Kalau benar terwujud, maka kebijakan Trump terkait pengurangan pajak korporasi itu bakal berdampak posifit buat Apple, juga raksasa-raksasa teknologi lain, seperti Microsoft dan Google yang turut memarkir dana di luar negeri.

Kebijakan serupa yang diterapkan mantan presiden AS George W. Bush pada 2004 dengan mengurangi sementara besaran pajak menjadi 5,25 persen berhasil memulangkan dana sebesar 312 miliar dollar AS.

2. Pindah pabrik iPhone

ZDNet Ilustrasi
Apple bekerja sama dengan pemanufaktur Foxconn di China untuk memproduksi aneka gadget dan komputer buatannya. Hal ini membuat Trump meradang karena kegiatan produksi di luar negeri dipandang tak menguntungkan rakyat Amerika.

"Saya akan membuat Apple membikin komputer dan iPhone mereka di tanah kita, bukan di China", ujar Trump menyerukan janjinya bulan Maret lalu. "Saya akan mengembalikan lapangan kerja."

Sayang, janji Trump yang satu ini agaknya sulit terwujud karena terganjal sejumlah persoalan serius. Pertama, produksi di AS bakal menimbulkan masalah logistik terkait distribusi komponen. Sebanyak 90 persen hardware iPhone seperti chip, baterai, dan modul kamera, misalnya, dibuat di luar AS.
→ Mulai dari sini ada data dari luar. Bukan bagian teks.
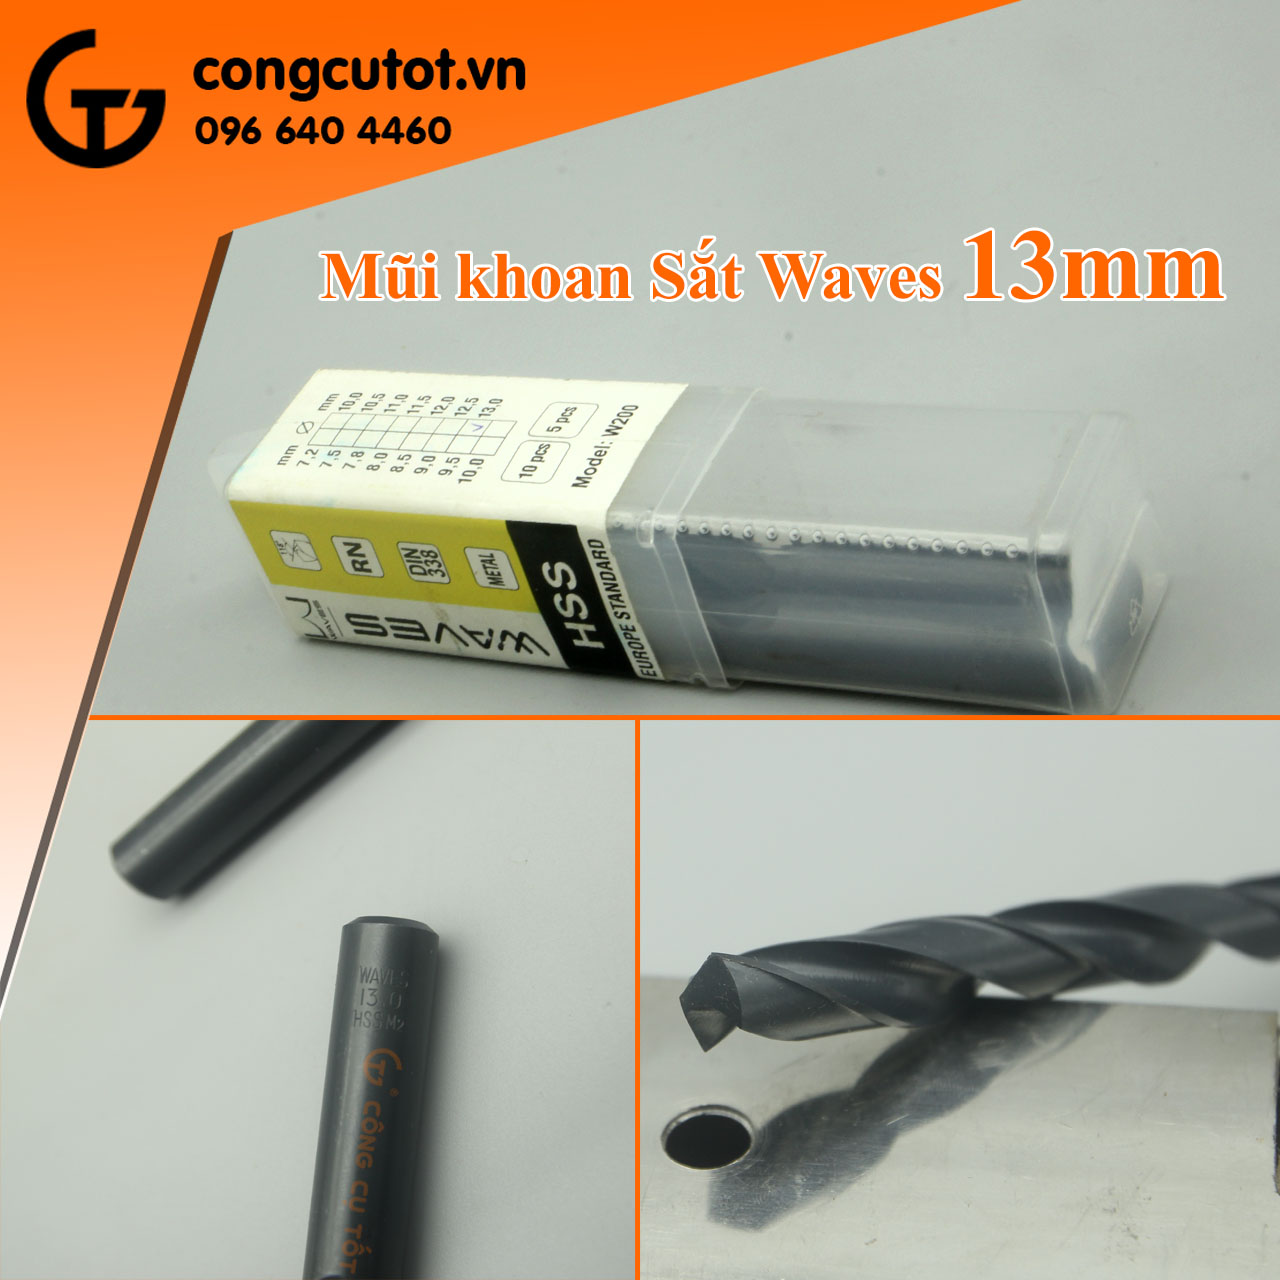 Mũi khoan sắt Wave 13mm dòng W200

Ongkos produksi pun lebih mahal di AS dan bisa menambah harga eceran iPhone sebesar 50 dollar AS sehingga ponsel tersebut kurang kompetitif di pasaran. Belum lagi soal tenaga kerja China yang lebih terampil daripada pekerja AS dalam hal manufaktur.

Namun Trump mungkin punya "senjata pamungkas" untuk memaksa Apple. Dia pernah mengungkapkan rencana untuk mengenakan tarif tinggi untuk barang impor dari China.
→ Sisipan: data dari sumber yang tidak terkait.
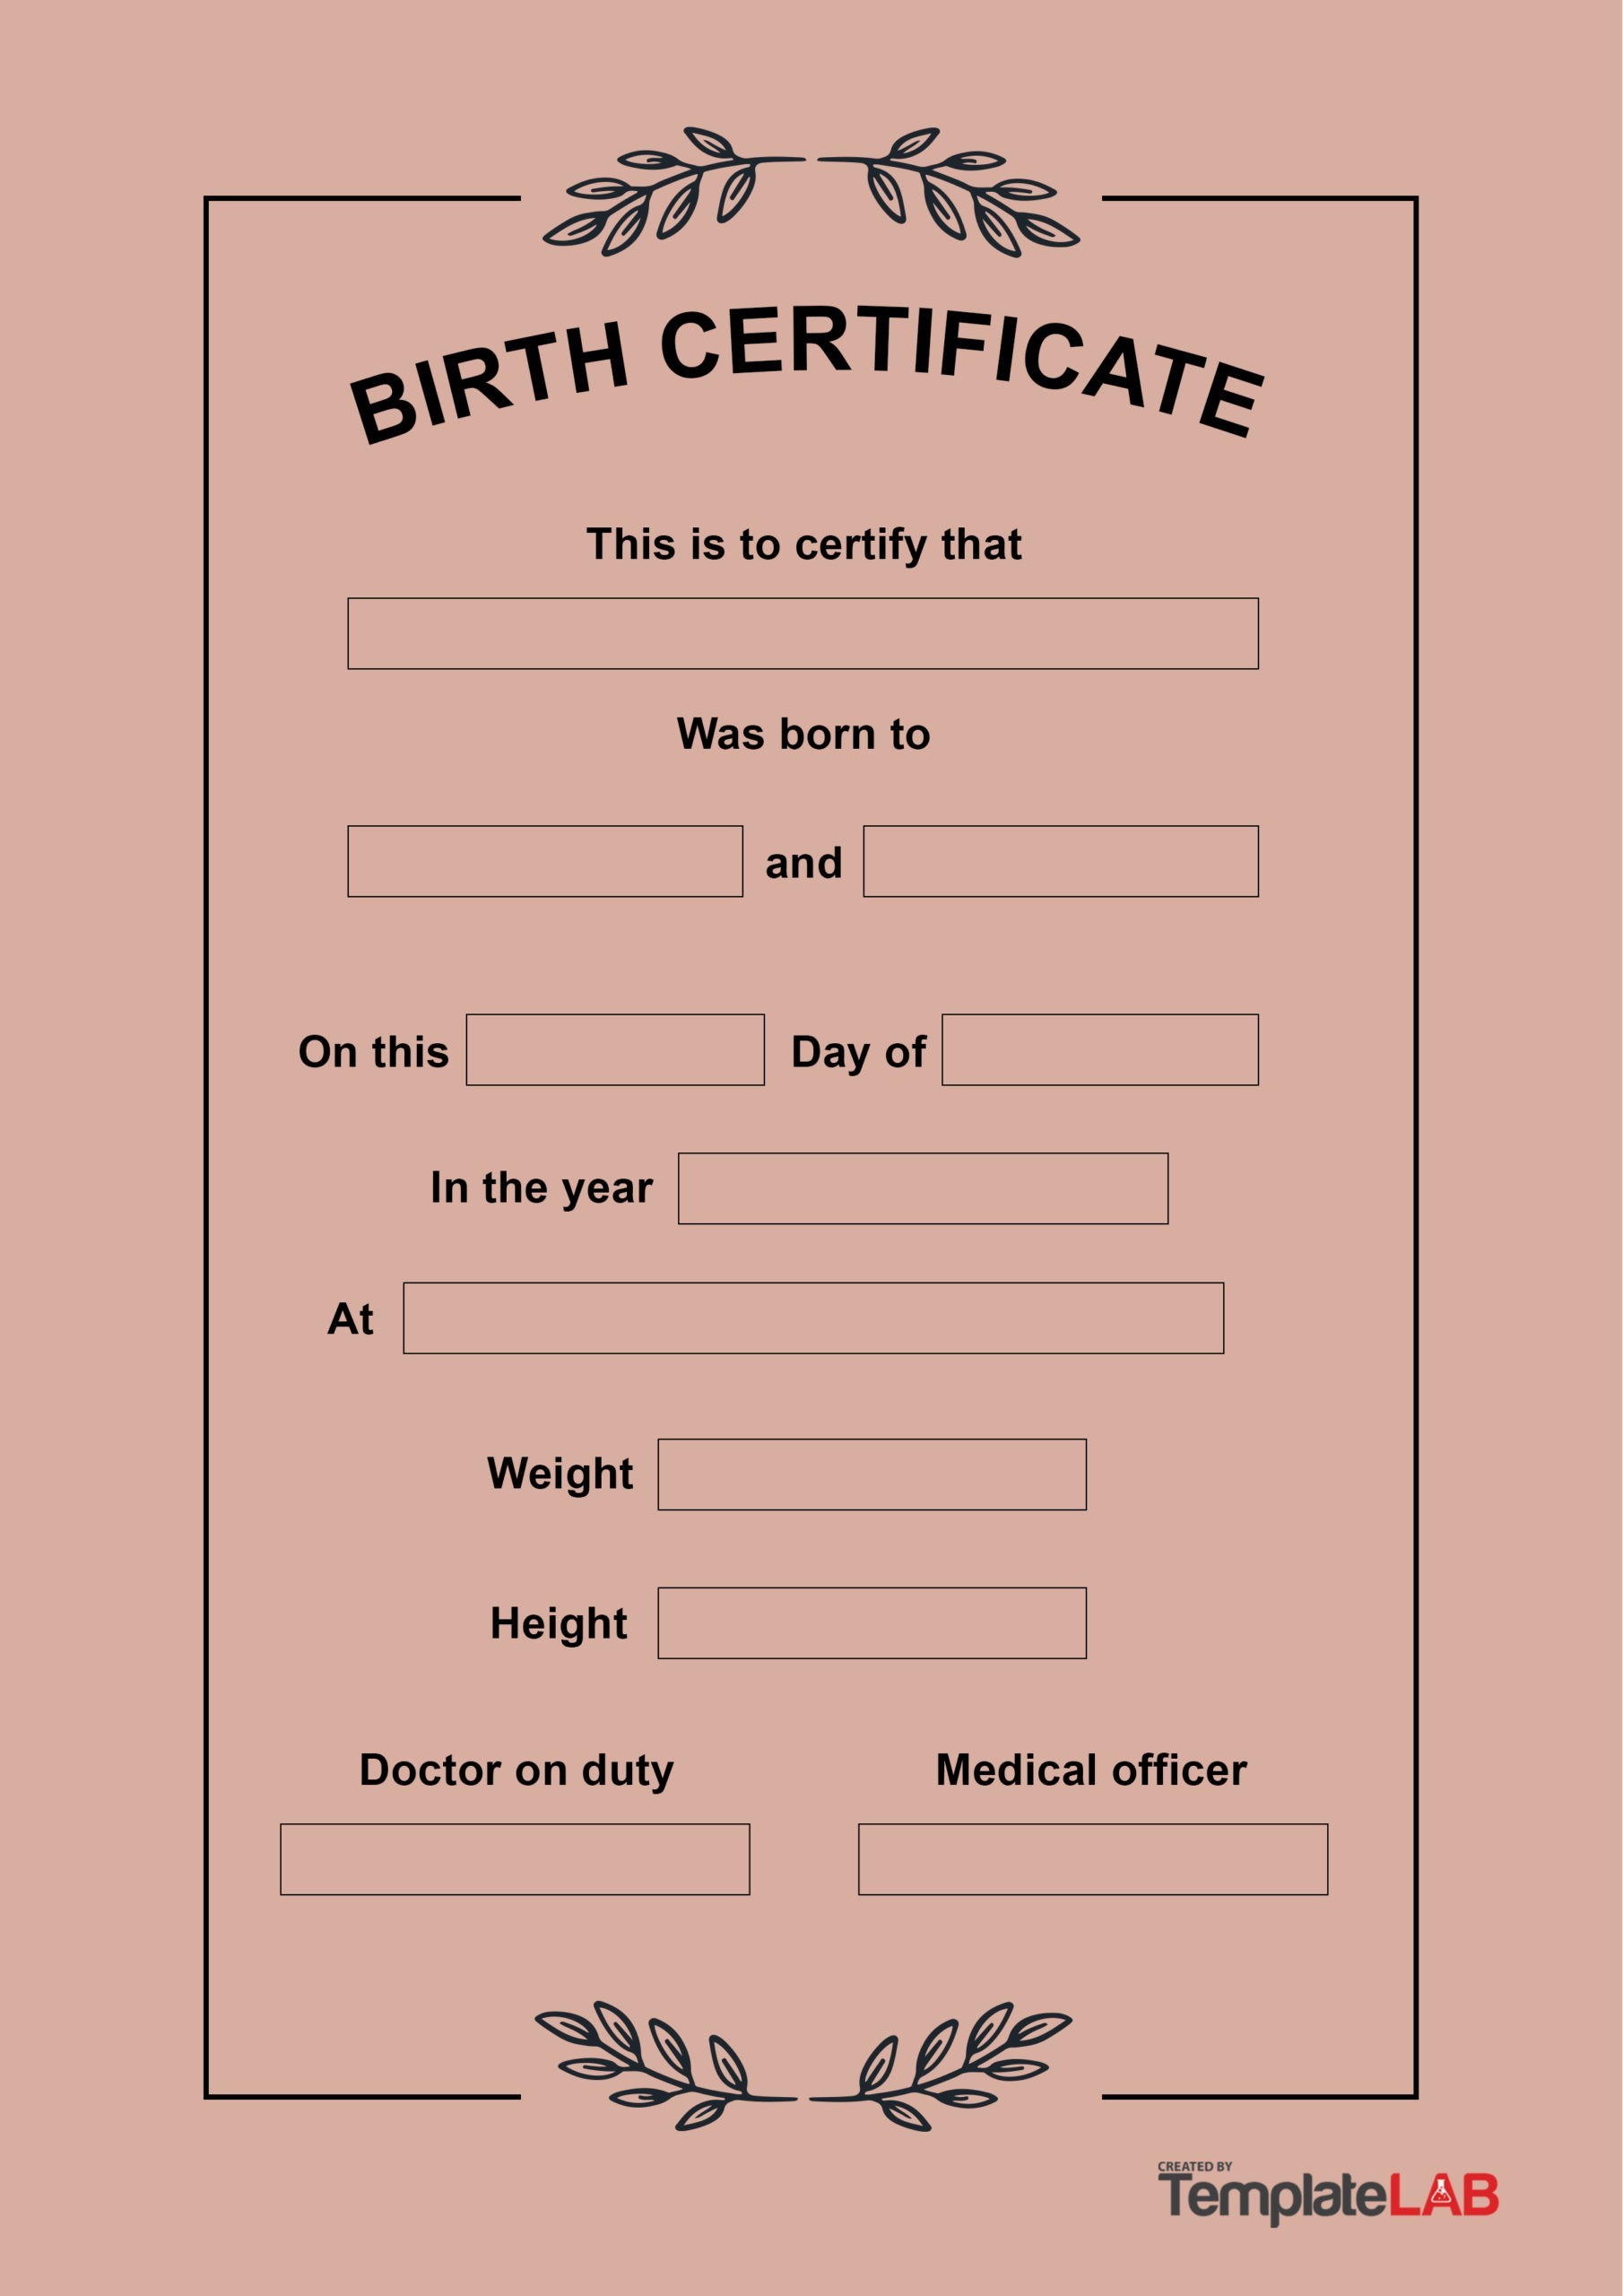 15 Birth Certificate Templates (Word PDF) ᐅ TemplateLab

"Saya akan kenakan pajak (untuk produk China)... Pajaknya harus sebesar 45 persen," ujar Trump dalam sebuah wawancara mengenai restrukturisasi perdagangan dengan China, awal tahun ini.

3. Melonggarkan sekuriti

VOA Direktur FBI, James Comey memberikan keterangan pers di New York, Rabu (16/12).
Februari lalu, Apple sempat berseteru dengan biro penyelidikan federal AS, FBI, lantaran perusahaan berlambang buah apel tergigit itu menolak membuka kunci iPhone yang dimilki teroris dengan alasan melindungi privasi.

Donald Trump ikut nimbrung dalam debat yang memanas hingga melibatkan para pelaku lain di industri teknologi ini. Dia mengajak konsumen Amerika agar memboikot Apple sampai mau membuka kunci enkripsi iPhone dimaksud.
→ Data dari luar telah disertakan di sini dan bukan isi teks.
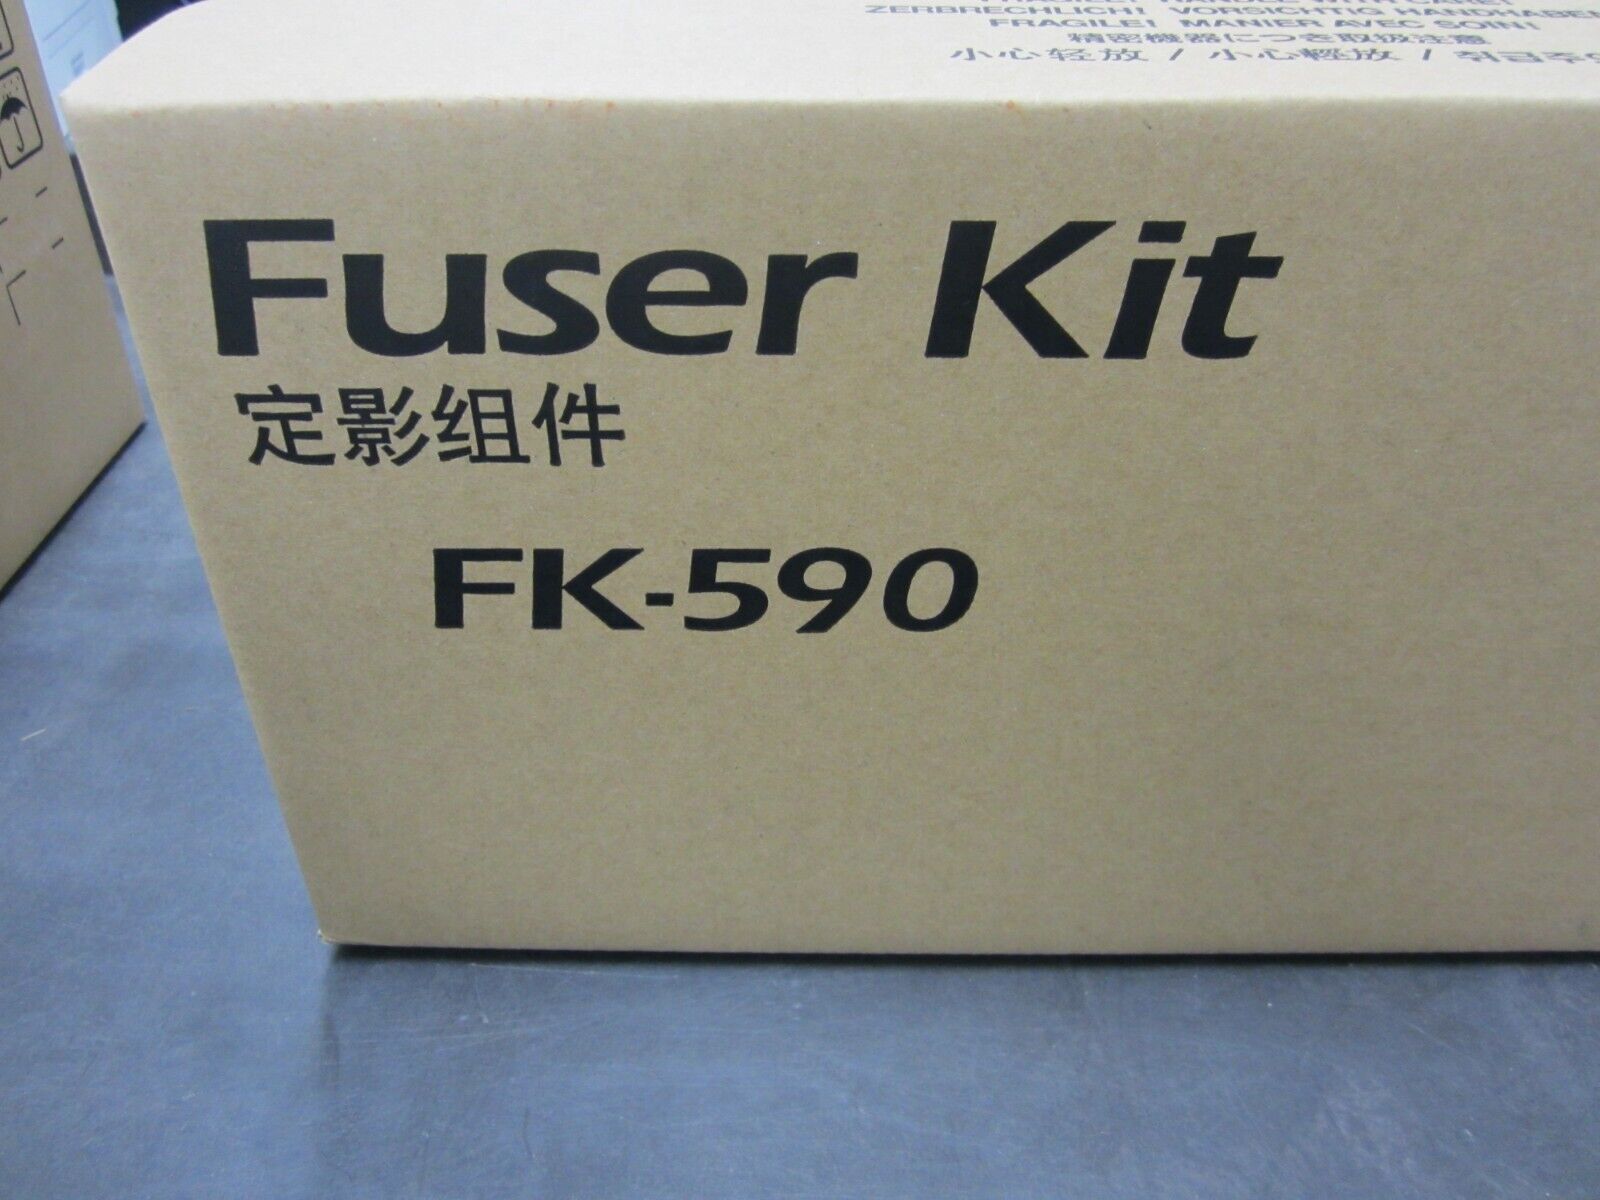 Genuine Kyocera FK-590 Fuser Kit

"Saya pakai iPhone dan Samsung," kicau Trump dalam sebuah tweet. "Kalau Apple tak mau memberikan info ke otoritas mengenai teroris, saya hanya akan memakai Samsung," serunya. Perlu ditambahkan bahwa Trump pernah dibayar untuk berbicara dalam acara-acara korporat Samsung.

Masalah mengenai iPhone teroris telah selesai saat pengadilan membatalkan perintah agar Apple membobol iPhone. FBI kemudian meminta bantuan pihak ketiga dan akhirnya berhasil membuka kunci iPhone yang bersangkutan.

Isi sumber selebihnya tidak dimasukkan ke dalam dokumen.